El uso de la variedad Monastrell en más de un 80% de los cultivos y una cantidad menor de la variedad blanca Airén. 

Sol abundante e intenso que proporciona uvas con un alto grado de azúcar. 

Altas temperaturas ambientales en época de vendimia que aceleran los procesos biológicos y físico-químicos producidos en la uva y en el mosto, así como para las temperaturas de fermentación: los vinos evolucionan con bastante rapidez. 

Estas condiciones proporcionan muy buenas posibilidades para la elaboración de una amplia gama de vinos: vinos del año blancos, rosados y tintos, vinos para crianza, vinos generosos secos y dulces.

Las graduaciones alcohólicas mínimas son para el blanco 11% vol., para rosados 11'5% vol. y para tintos 12% vol.




Esta pirámide no es de Egipto


Los vinos rosados, la mayoría obtenidos a partir de la variedad Monastrell, mediante cortas maceraciones entre pulpa y hollejos; exhiben tonalidades rosas, frambuesas y cerezas, con matices morados, de aromas frutosos y elegantes, sabrosos y frescos en boca. 

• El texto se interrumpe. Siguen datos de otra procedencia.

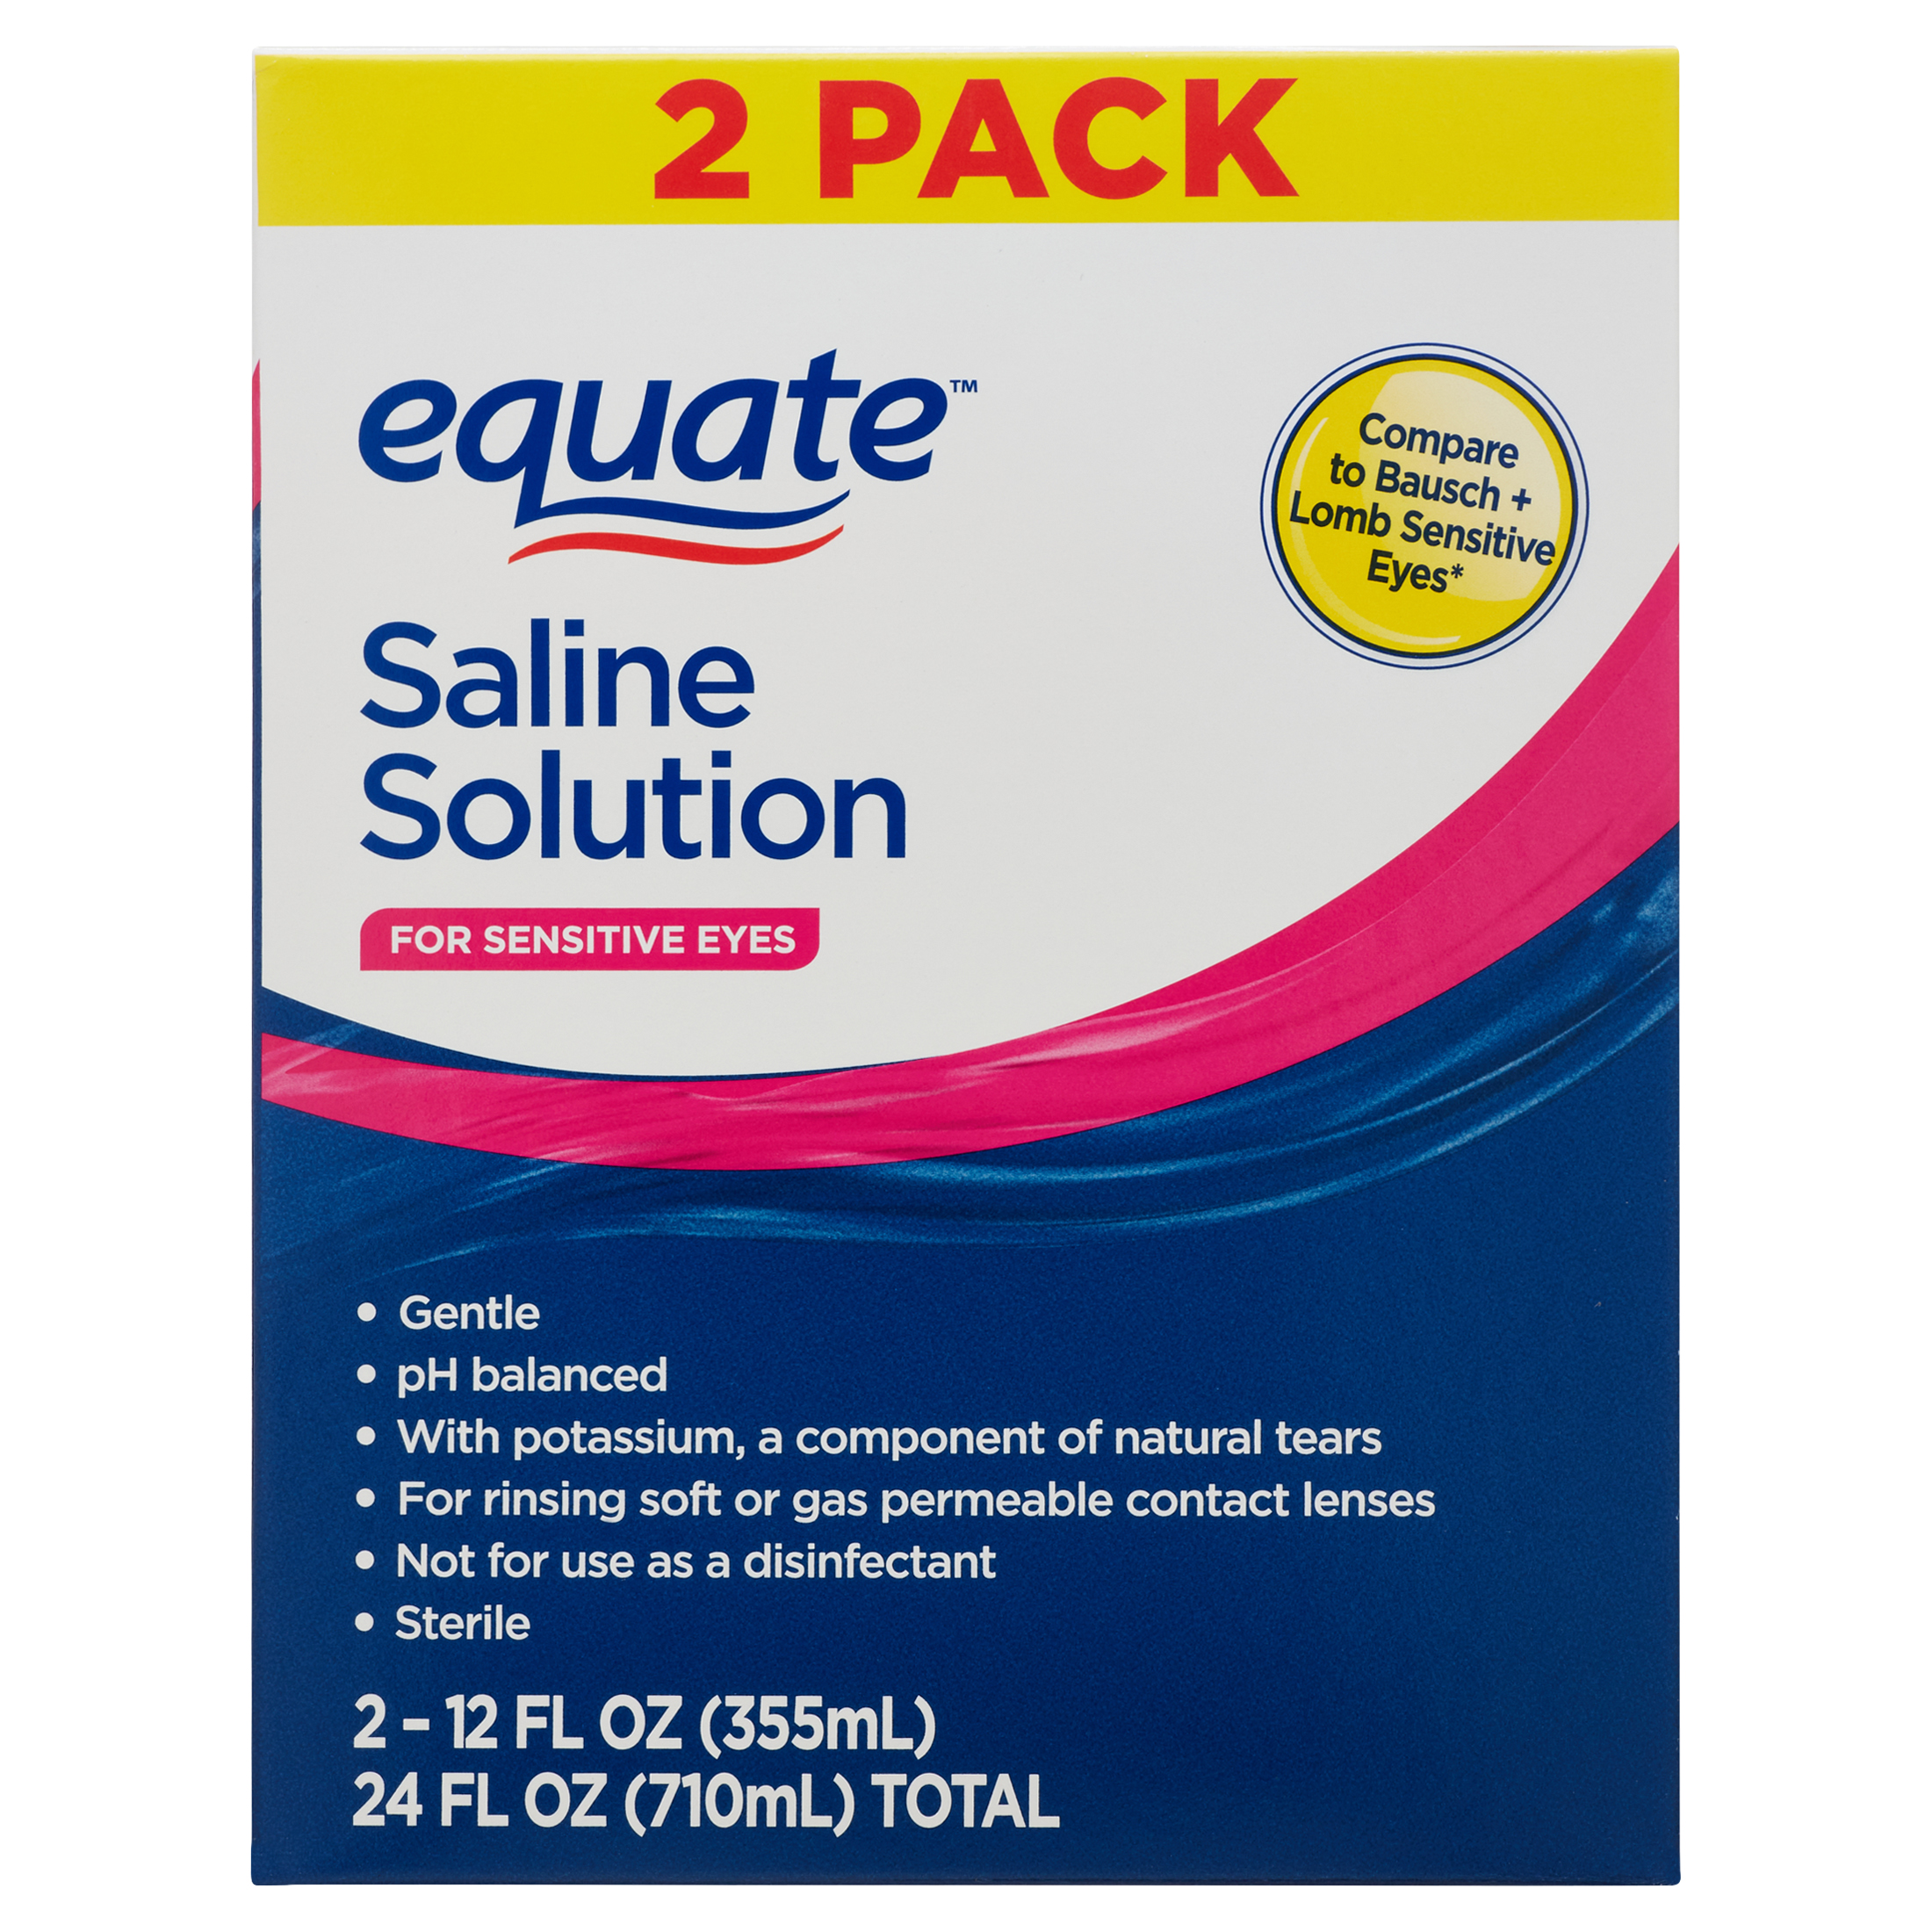 Equate Saline Solution For Sensitive Eyes, 12 fl oz, 2 Pack - image 1 of 9
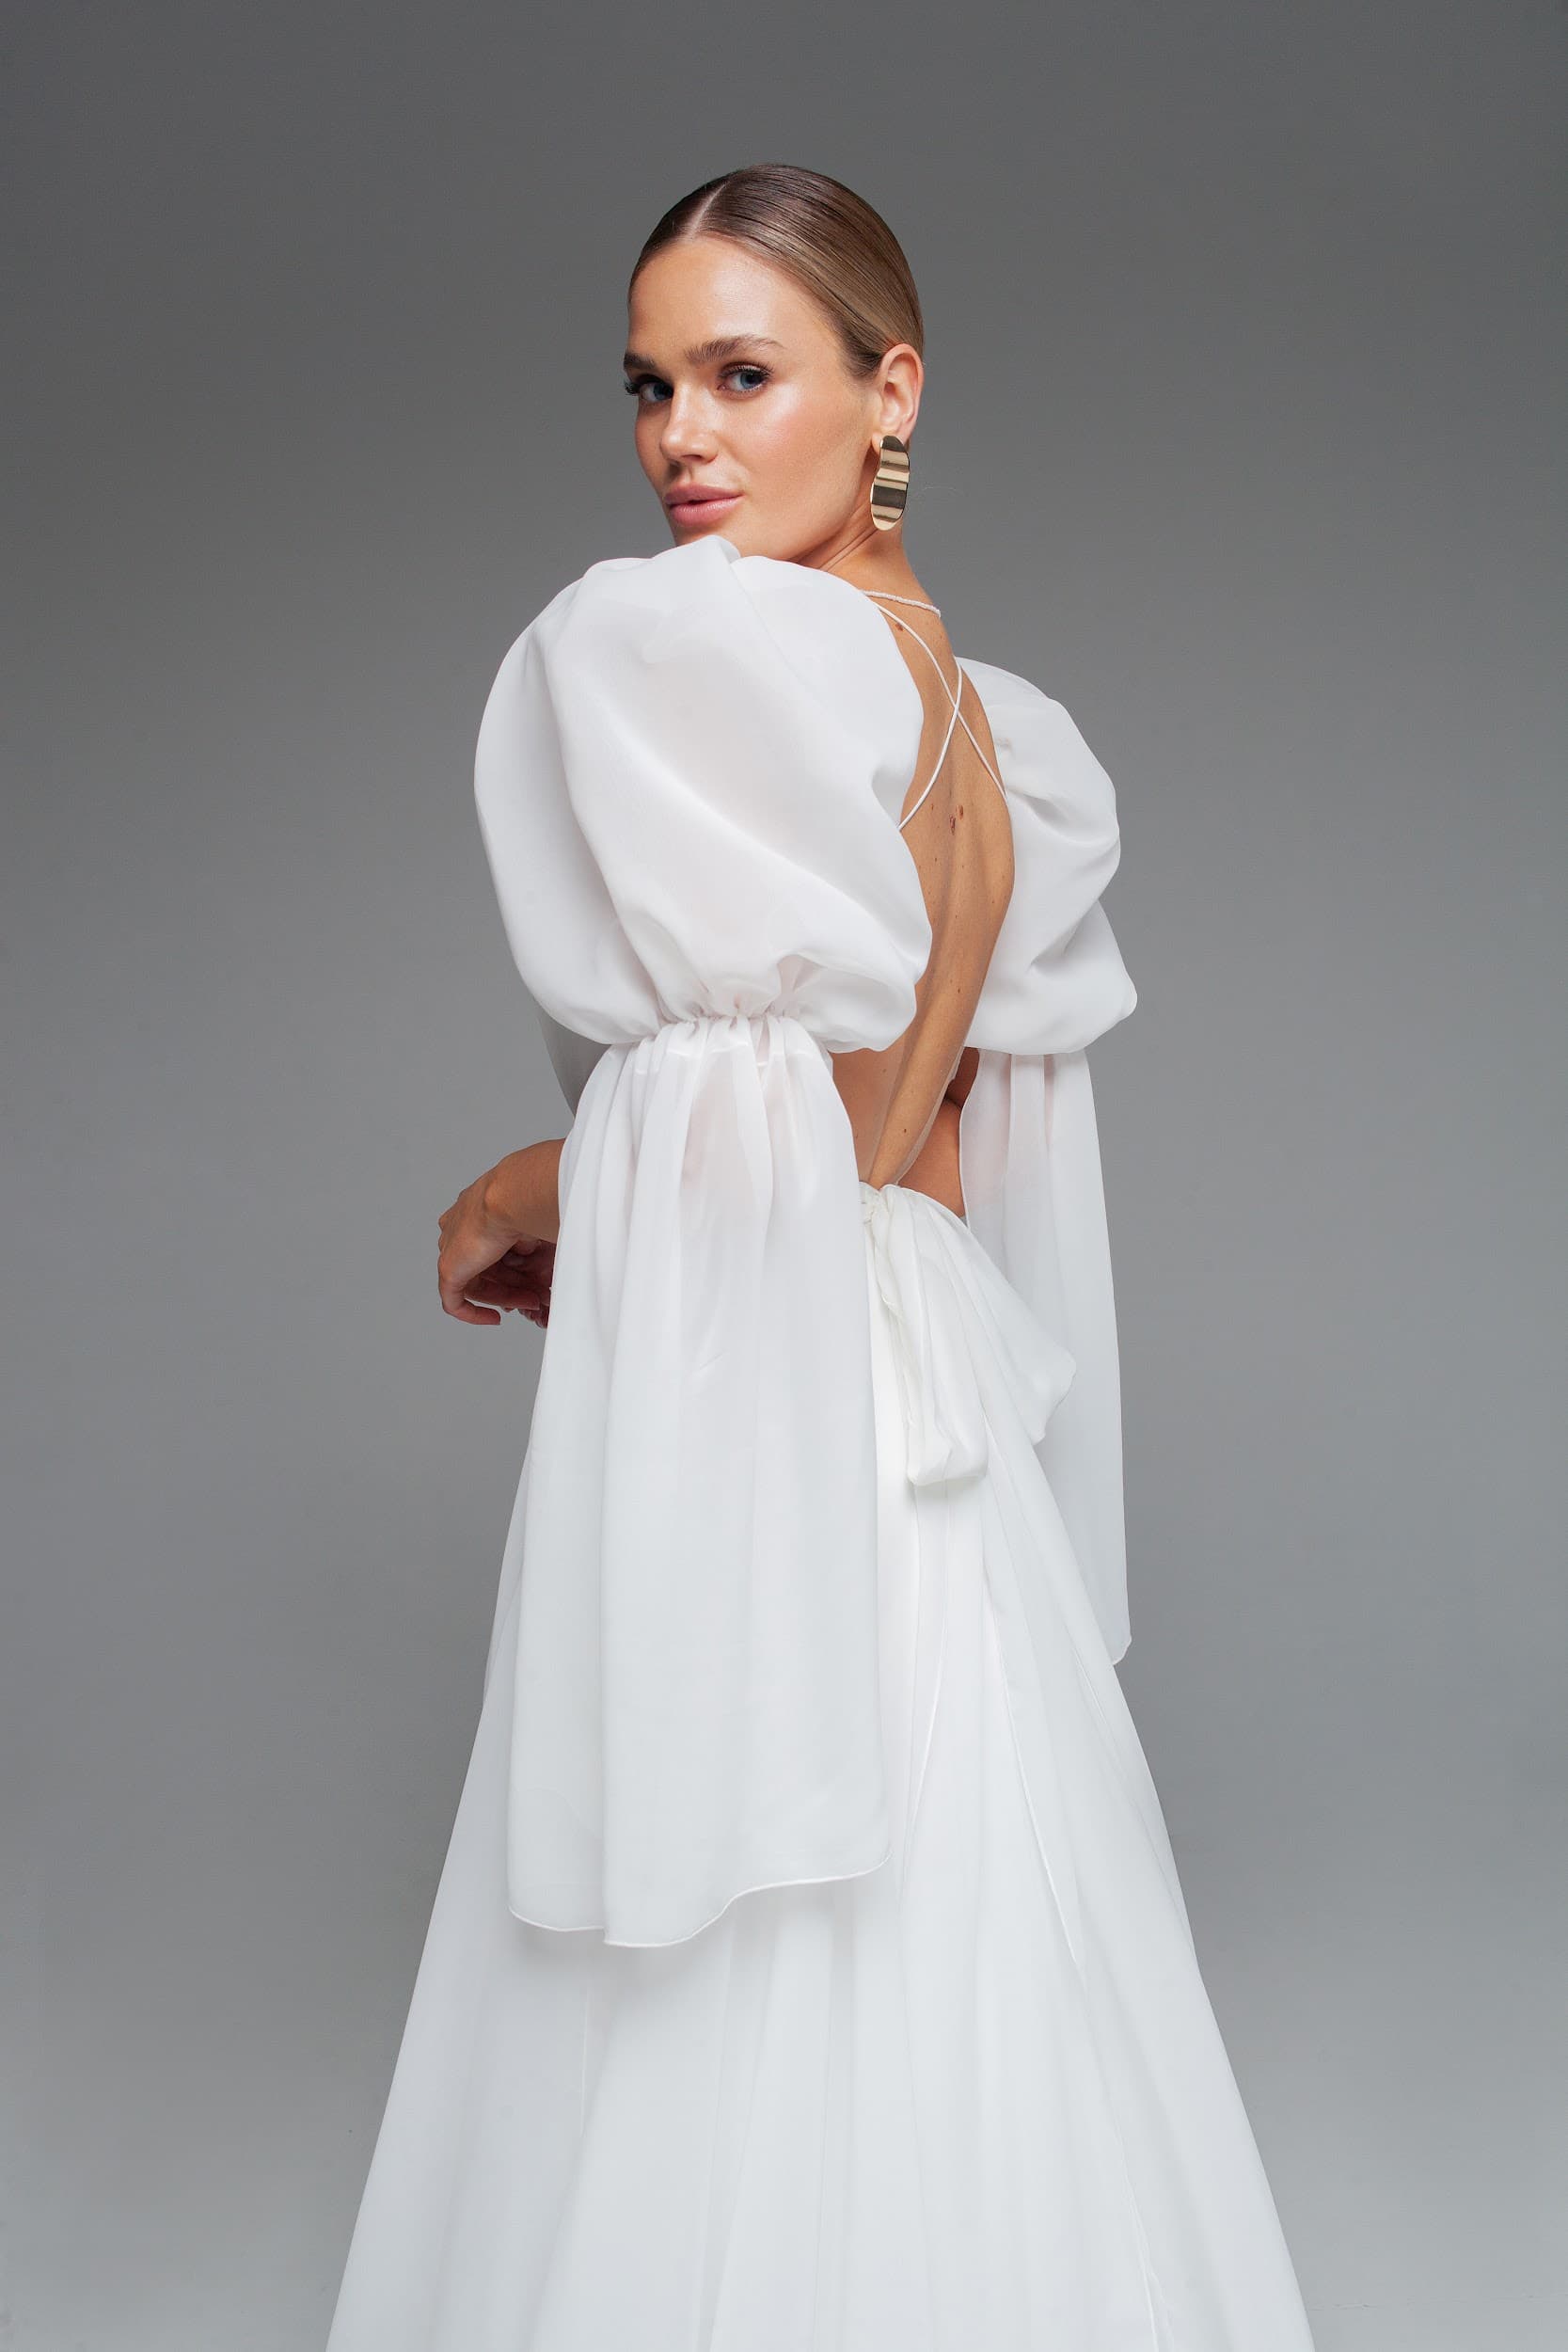 Rara Avis silk open back wedding dress Venta at Dell'Amore Bridal, NZ 5

Los vinos tintos, dominados por la presencia de la uva Monastrell, de fuerte color, generalmente rojo púrpura intenso con ribetes violáceos y muy expresivos y afrutado en nariz (frutos negros, maduros, ciruela...), con taninos vivos en boca y con gran estructura. 

Los vinos tintos de crianza, aparte de la madera bien integrada, son sabrosos, carnosos y de gran complejidad aromática. 

Los vinos tintos dulces, naturales y de licor, vinos brillantes y densos, de gran intensidad de color, con olores a frutos maduros (pasas, higos…) con buenas sensaciones táctiles y muy persistentes en boca, son vinos tradicionales de la zona y de innegable calidad.